Deterministic Relationships
In Figure 1.1.3
Types of Bivariate Relationships
, at any value of $X$ the value of $Y$ could be a range of values, however, the $Y$ values do follow the relationship, in general, as $X$ changes.

In Figure 1.2.1, the value of $Y$ must be the relationship evaluated at the value of $X$. Of course, this requires us to know what form the relationship takes.
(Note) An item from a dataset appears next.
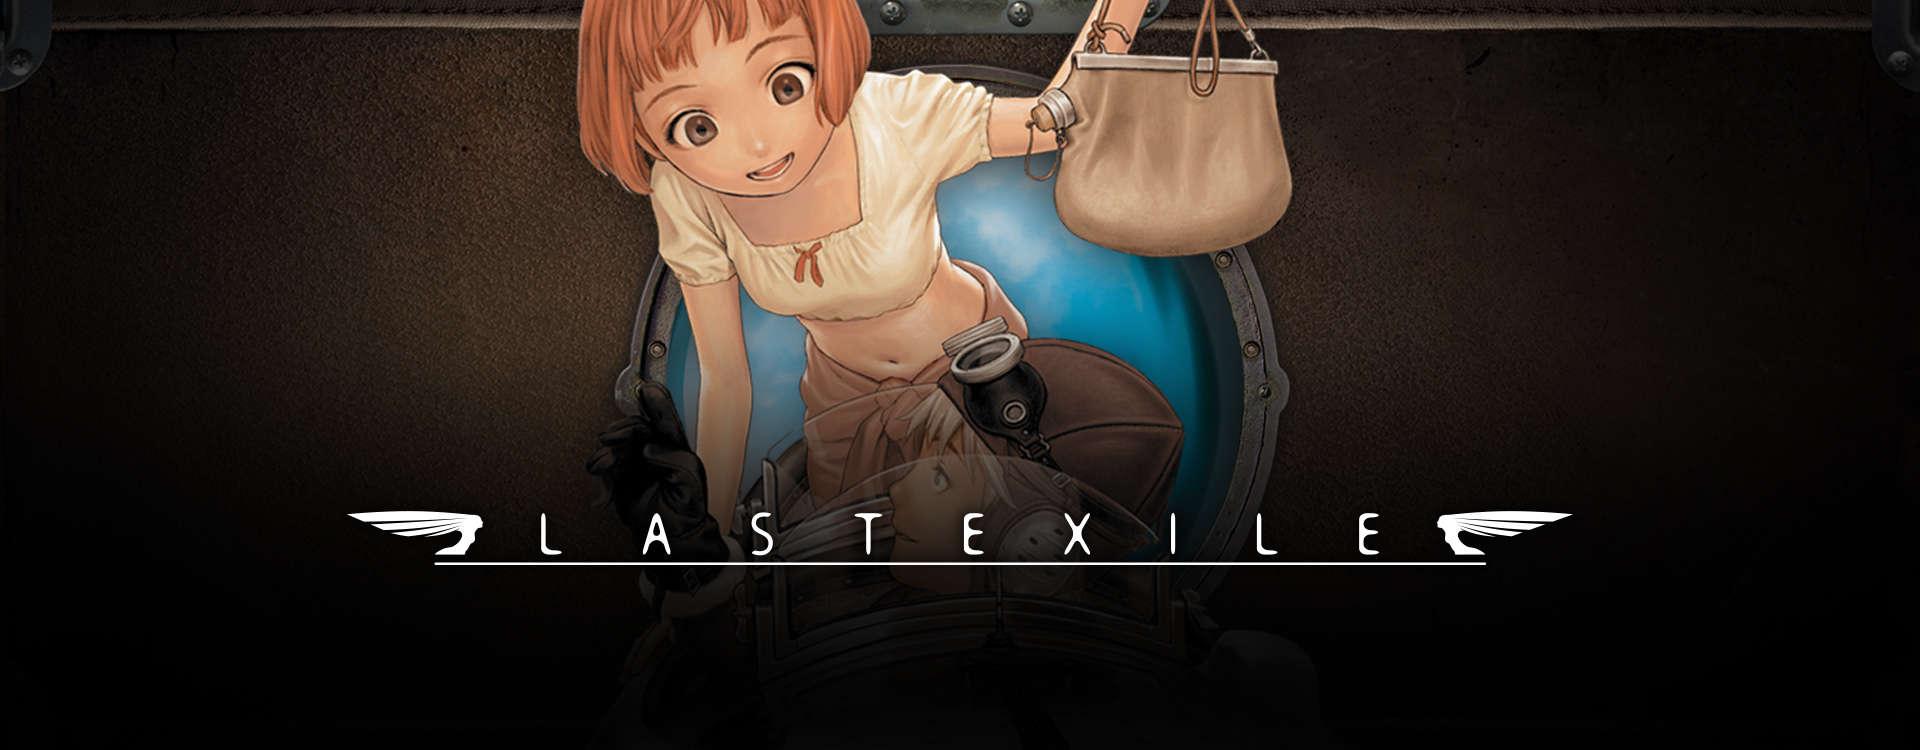 LASTEXILE -Fam, the Silver Wing

The form of the relationship will be a function which we will denote as $$ Y=g(X) $$

For those in Figure 1.2.1, the functions are : $$ \begin{align*} \text{Linear: } & g\left(X\right)=X\\ \text{Quadratic: } & g\left(X\right)=(X-0.5)^{2}\\ \text{Sinusoidal: } & g\left(X\right)=0.5\sin(2\pi X)+0.5\\ \text{Exponential: } & g\left(X\right)=1.5\exp(2X) \end{align*} $$
Deterministic relationships present us with two issues:
  1. We need to what what type of relationship there is between $X$ and $Y$. That is, what is $g(x)$? We can always look at a scatterplot to determine the general form of $g(X)$, but what exactly is the formula for the function? We will discuss how to estimate $g(X)$ in Sec 1.3.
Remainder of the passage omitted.